The “upcoming” part had some things which were a bit more relevant. It turns out that if an image which requires authentication had already been downloaded, the Pod’s credentials aren’t checked. I was pretty surprised that hadn’t already been the case, but soon that little hole will be closed. I’ve also written down “Service Account pull credentials rather than separate secret options”. I’m not sure what this means, and I can’t find the point in the talk recording which prompted me to make this note. Hopefully it means something to someone.

KubeCon Family Fortune

Another “fun” presentation, taking the popular game show format (also known as “Family Feud”) to Kubernetes. I appreciated them framing it as “Tabs v Spaces”, although a serious opportunity was missed by putting Tabitha on the “Spaces” team, or at the very least not by pointing out this contradiction.

GPU Sharing at CERN: Cutting the Cake Without Losing a Slice!

A talk by CERN promised to be interesting, if again beyond our scale. This had a bit of a classic computer science bin-packing flavour to it, about optimising GPU usage between teams and workloads. Traditionally, a GPU would be assigned to one team, but would often be unused between training runs or similar. This would suggest a move towards a more centralised setup to reduce idle time. At that point you run the risk of demand outstripping supply, so GPU sharing is vital to effectively use your resources.

There are a few different technical approaches to sharing a GPU across workloads. The simplest is time-slicing, a strategy which dates all the way back to the mainframes of old. It’s well-understood and straightforward, but has issues when it comes to memory-sharing and context switching. One alternative is known as Multi Process Service (MPS) where a control daemon process manages cooperative multitasking. This means that there is no context switching overhead, and also it’s impossible for one process to starve others.

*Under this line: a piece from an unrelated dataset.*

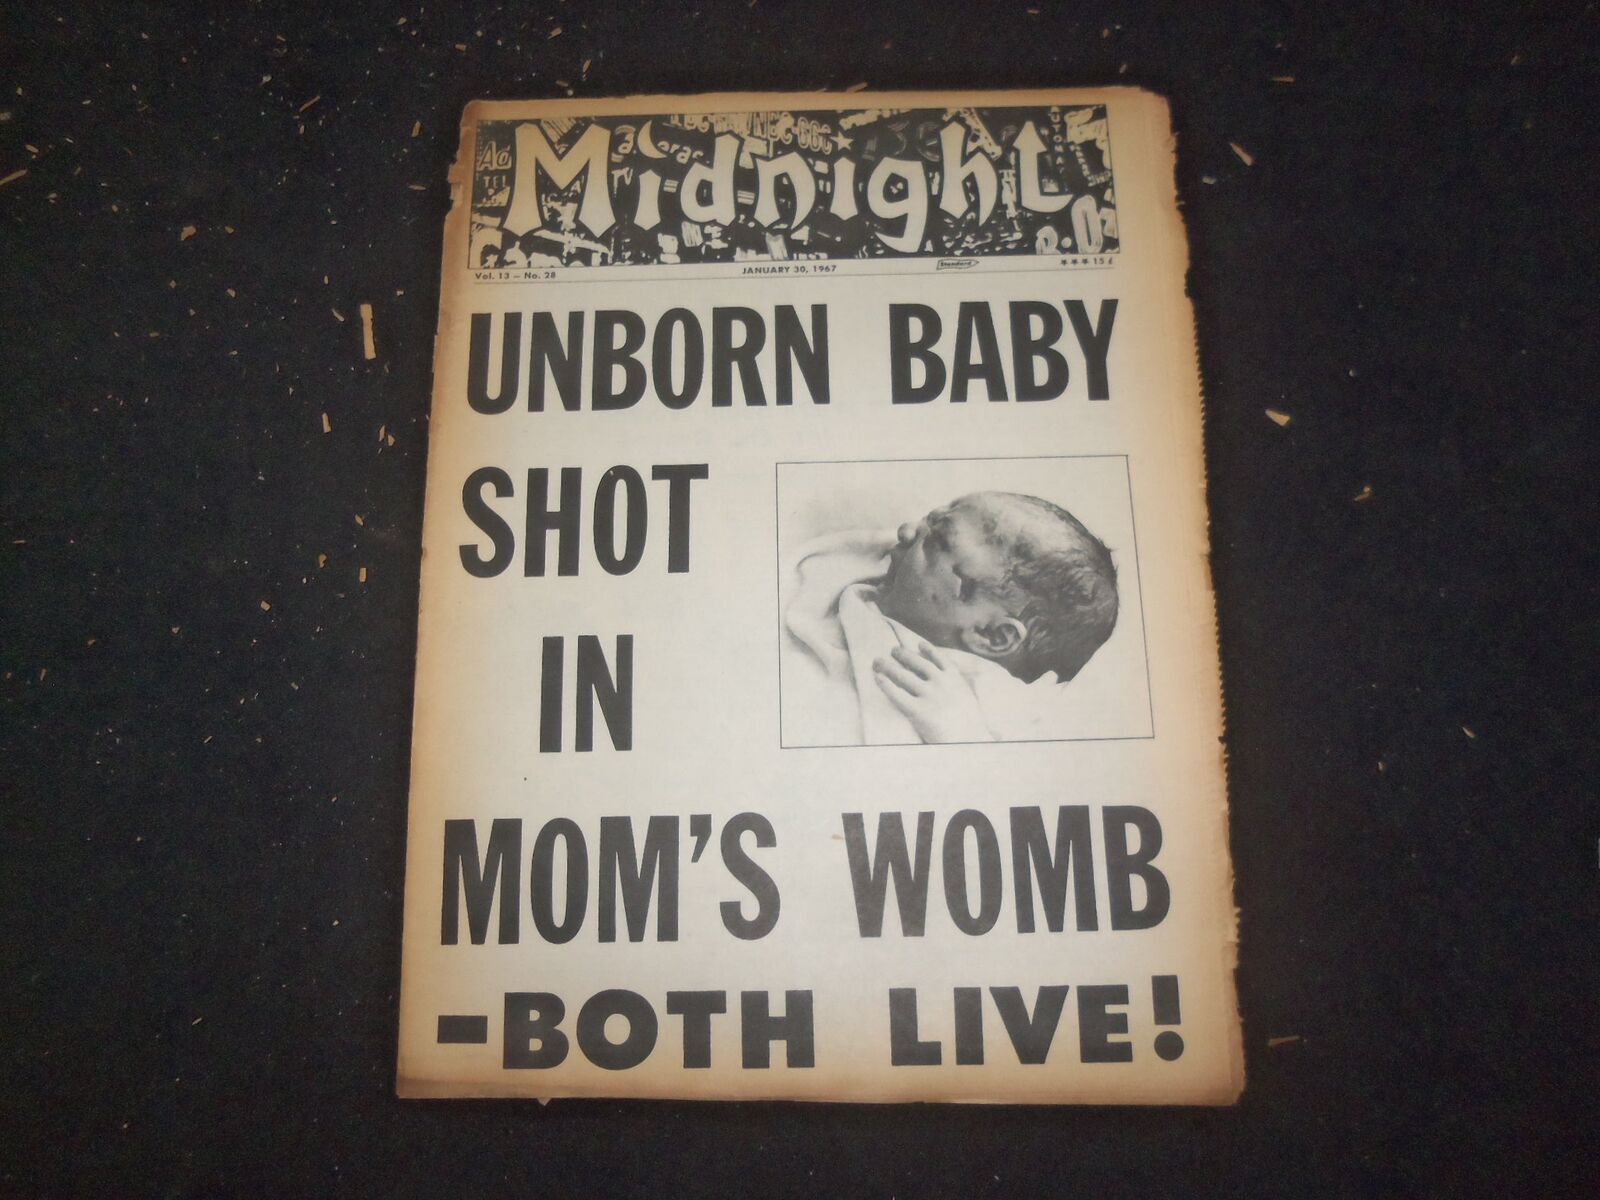 1967 JANUARY 30 MIDNIGHT NEWSPAPER - UNBORN BABY SHOT IN MOM'S WOMB - NP 7375

Another approach is Multi Instance GPU (MIG), which requires compatible GPUs which can be sliced into independent partitions. This is a nice idea in the abstract, but it’s a bit inflexible as you can’t readily re-partition the GPUs as workloads change and the configuration is per-node. This can be solved by the upcoming Dynamic Resource Allocation tooling (which was mentioned in a lot of talks).

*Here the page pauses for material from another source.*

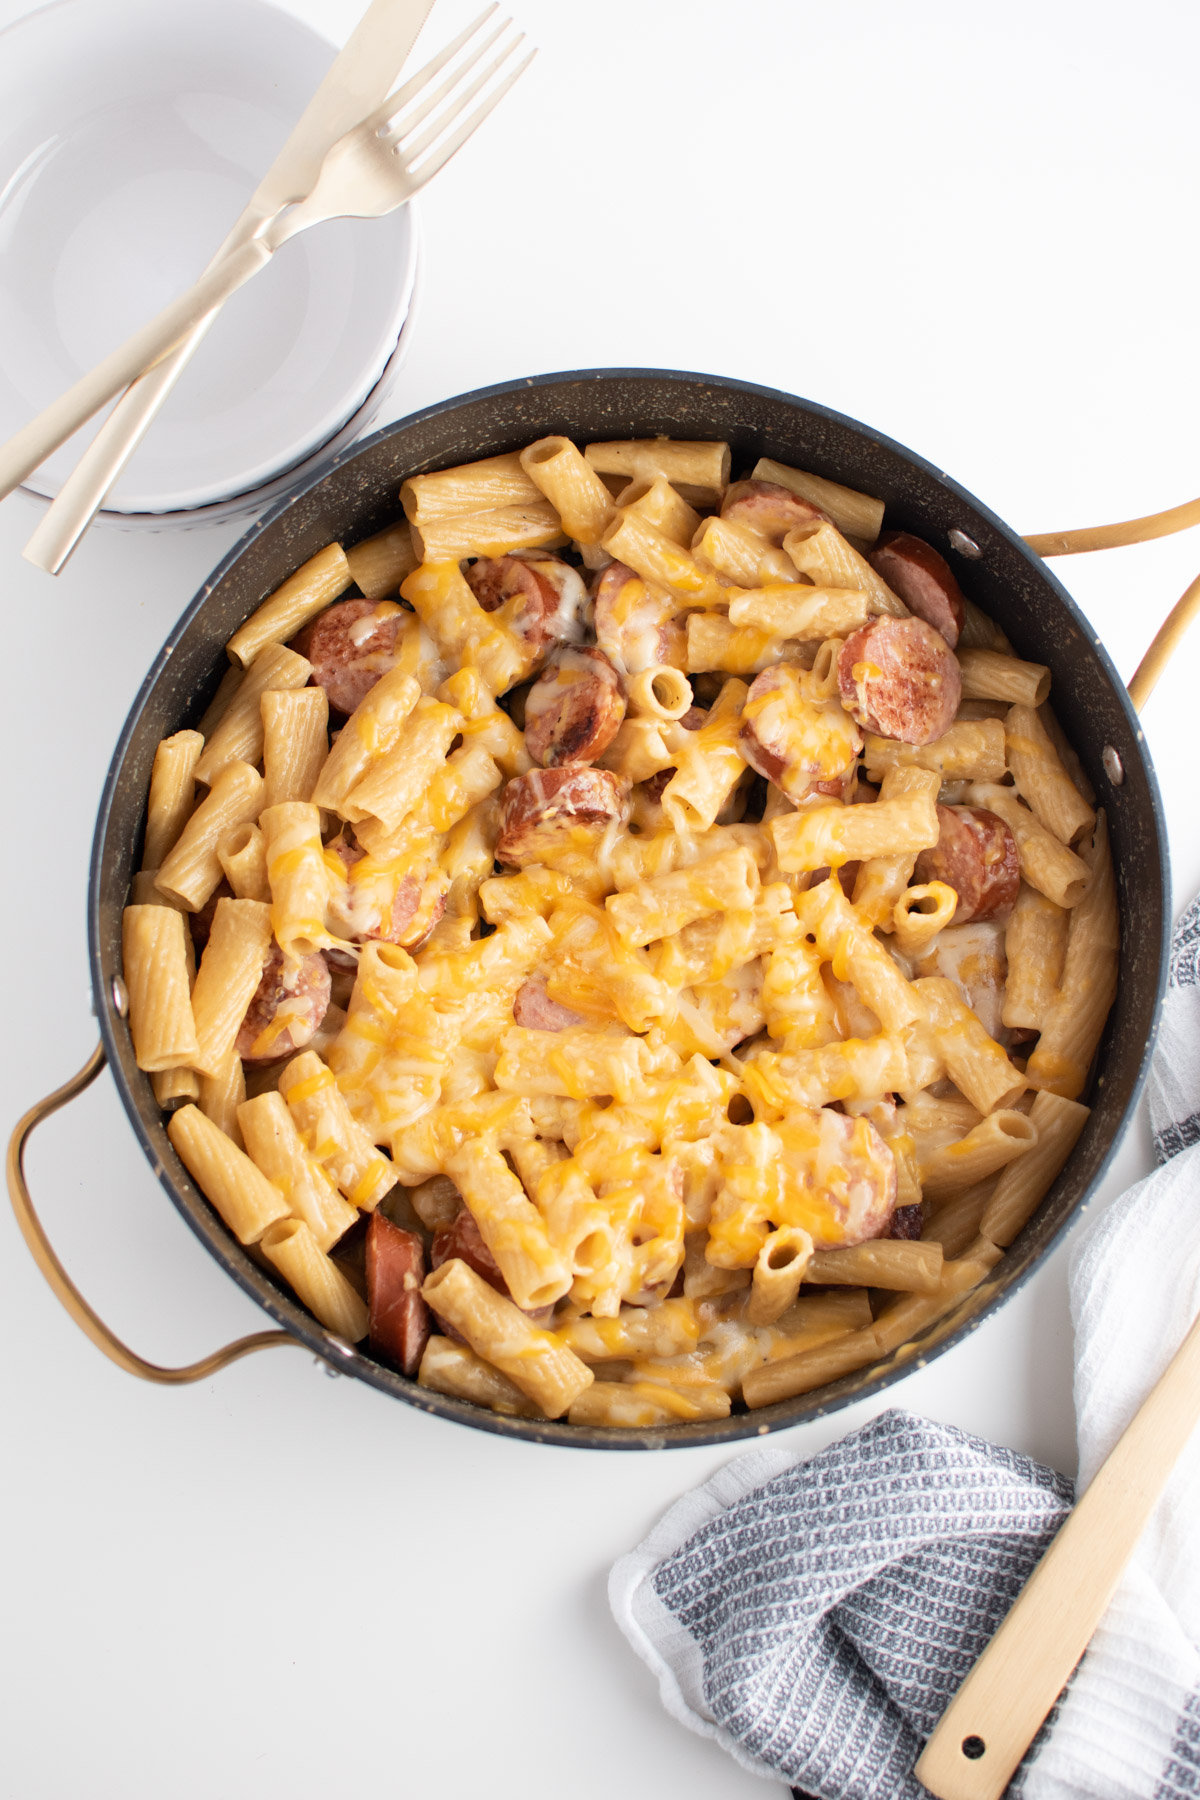 Kielbasa rigatoni pasta with melted cheese in large skillet surrounding by stack of plates and towel.

The speaker finished with some benchmarks, showing that the different types of workload can behave very differently on MPS vs timeslicing, so it’s important for a platform team to educate the users on which works best for their compute tasks.

Image Snapshotters for Efficient Container Execution in Particle Physics

Another talk by CERN was my last one of day 2. They started with the stat that 85% of the bytes downloaded are not used by a container. Physicists’ containers often end up gigabytes in size in such a way that they can’t be slimmed down. This means that images have to wait a long time before the whole container is downloaded before they can start. One way to reduce this startup latency is lazy pulling, where the storage layer intelligently fetches only the bytes that the container actually needs, at the cost of some runtime performance.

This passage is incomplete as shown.